Next, the flow of the refrigerant according to the second embodiment will be described. The high-temperature and high-pressure refrigerant discharged from the compressor 1 flows into the outdoor heat exchanger 2 through the discharged refrigerant pipe 9, where it exchanges heat with outdoor air to be cooled, condensed to a certain degree of dryness, and is in a gas-liquid two-phase state. And flows into the gas-liquid separator 5 through the refrigerant pipe 10. In the gas-liquid separator 5, the dryness is reduced by the liquid refrigerant and the dryness changing means 25, that is, the gaseous refrigerant is sucked from the end of the U-shaped tube 11 a and the liquid refrigerant is sucked from the hole 27. The gas-liquid two-phase refrigerant flows through the refrigerant pipe 11, is condensed in the first indoor heat exchanger 3 until it is supercooled, and is decompressed by the first decompression means 6. And becomes a liquid refrigerant. The liquid refrigerant separated by the gas-liquid separator 5 is slightly depressurized by the third decompression means 8 via the bypass refrigerant pipe 14 and then transmitted from the first indoor heat exchanger 3 and the first decompression means 6. With the liquid refrigerant. The merged liquid refrigerant flows through the refrigerant pipe 16 into the second decompression means 7, where it is decompressed to a low pressure and evaporated in the second indoor heat exchanger 4, and then becomes a gas refrigerant and becomes a refrigerant pipe 18 To return to the compressor 1.

Next, the effect of increasing the condensing capacity of the first indoor heat exchanger 3 by the dryness changing means 25 will be described with reference to FIG. 8, A is the composition of the refrigerant flowing into the gas-liquid separator 5, B is the composition of the liquid refrigerant in the gas-liquid separator 5, C is the composition of the gas refrigerant, and D is the gas-liquid separation by the dryness changing means 25. The composition of the gas-liquid mixed refrigerant when the liquid refrigerant and the gas refrigerant in the vessel 5 are mixed at an appropriate ratio is shown.

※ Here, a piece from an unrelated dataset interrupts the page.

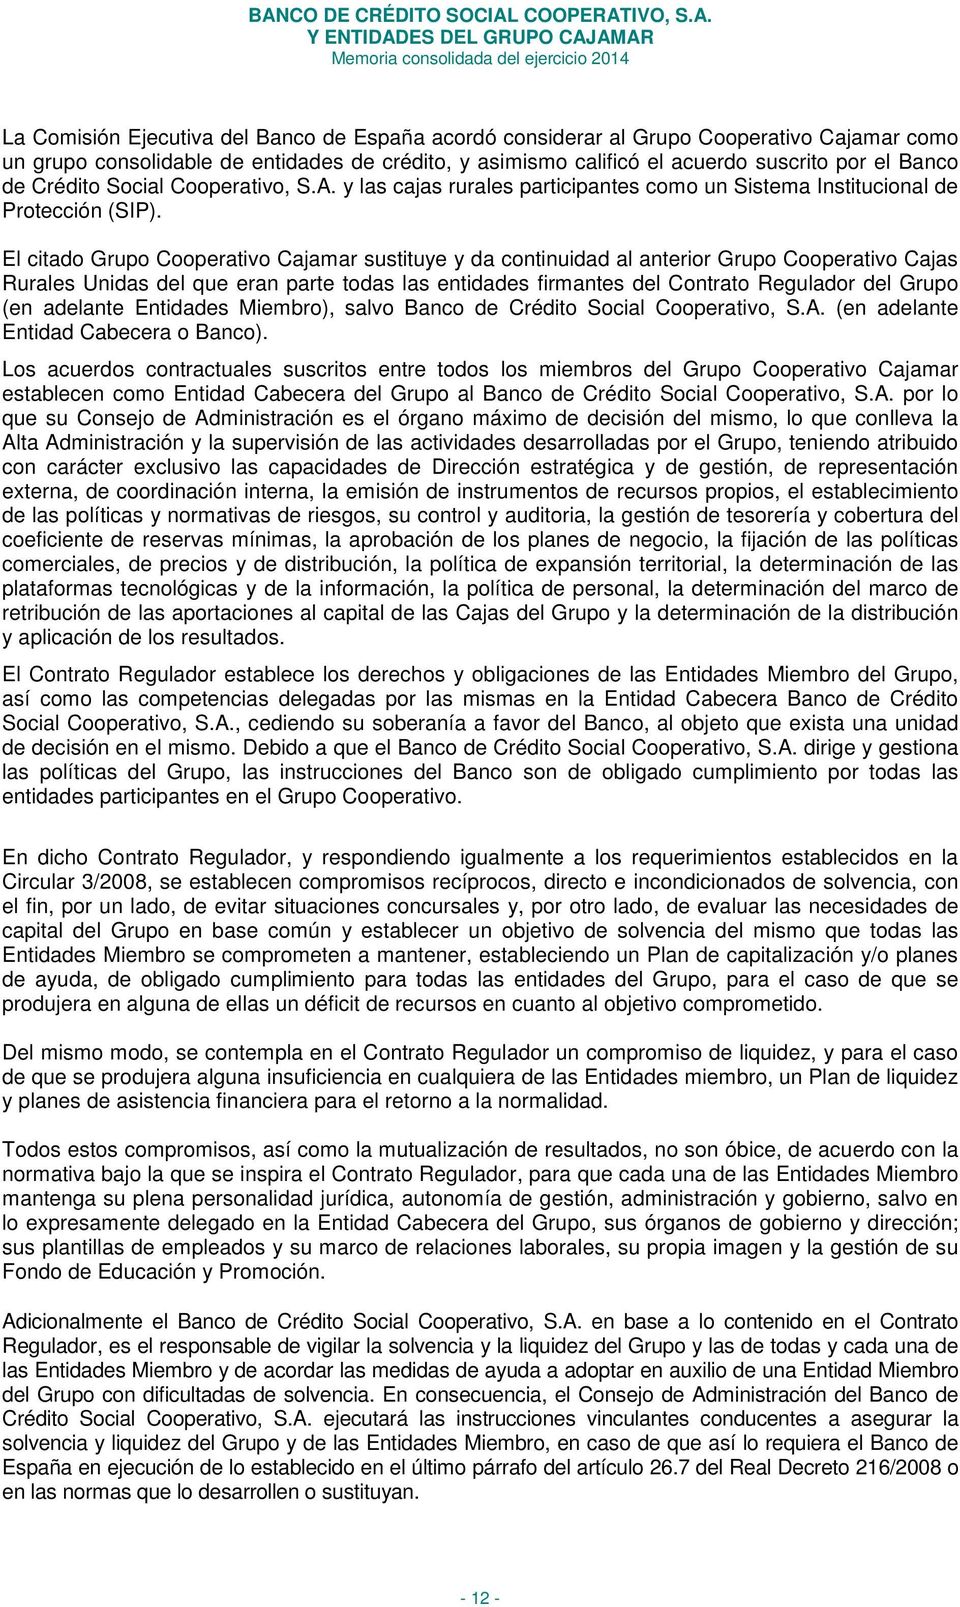 El citado Grupo Cooperativo Cajamar sustituye y da continuidad al anterior Grupo Cooperativo Cajas Rurales Unidas del que eran parte todas las entidades firmantes del Contrato Regulador del Grupo (en

Here, a comparison is made between when the gas refrigerant flows through the first indoor heat exchanger 3 and when the gas-liquid mixed refrigerant flows. When only the gas refrigerant flows through the first indoor heat exchanger 3, the saturated liquid temperature at the condenser outlet is Tco and the average condensing temperature is Tc. On the other hand, when the gas-liquid two-phase refrigerant flows through the first indoor heat exchanger 3, the saturated liquid temperature at the condenser outlet becomes Tdo
The average condensation temperature becomes Td. Tco <Tdo, so Tc <
Td. Therefore, the condensing temperature in the first indoor heat exchanger 3 is higher when the gas-liquid two-phase refrigerant is supplied thereto than when only the gas refrigerant is supplied, and the first indoor heat exchanger 3
, The temperature difference from the heat exchange medium is increased, and the heat exchange capacity is increased.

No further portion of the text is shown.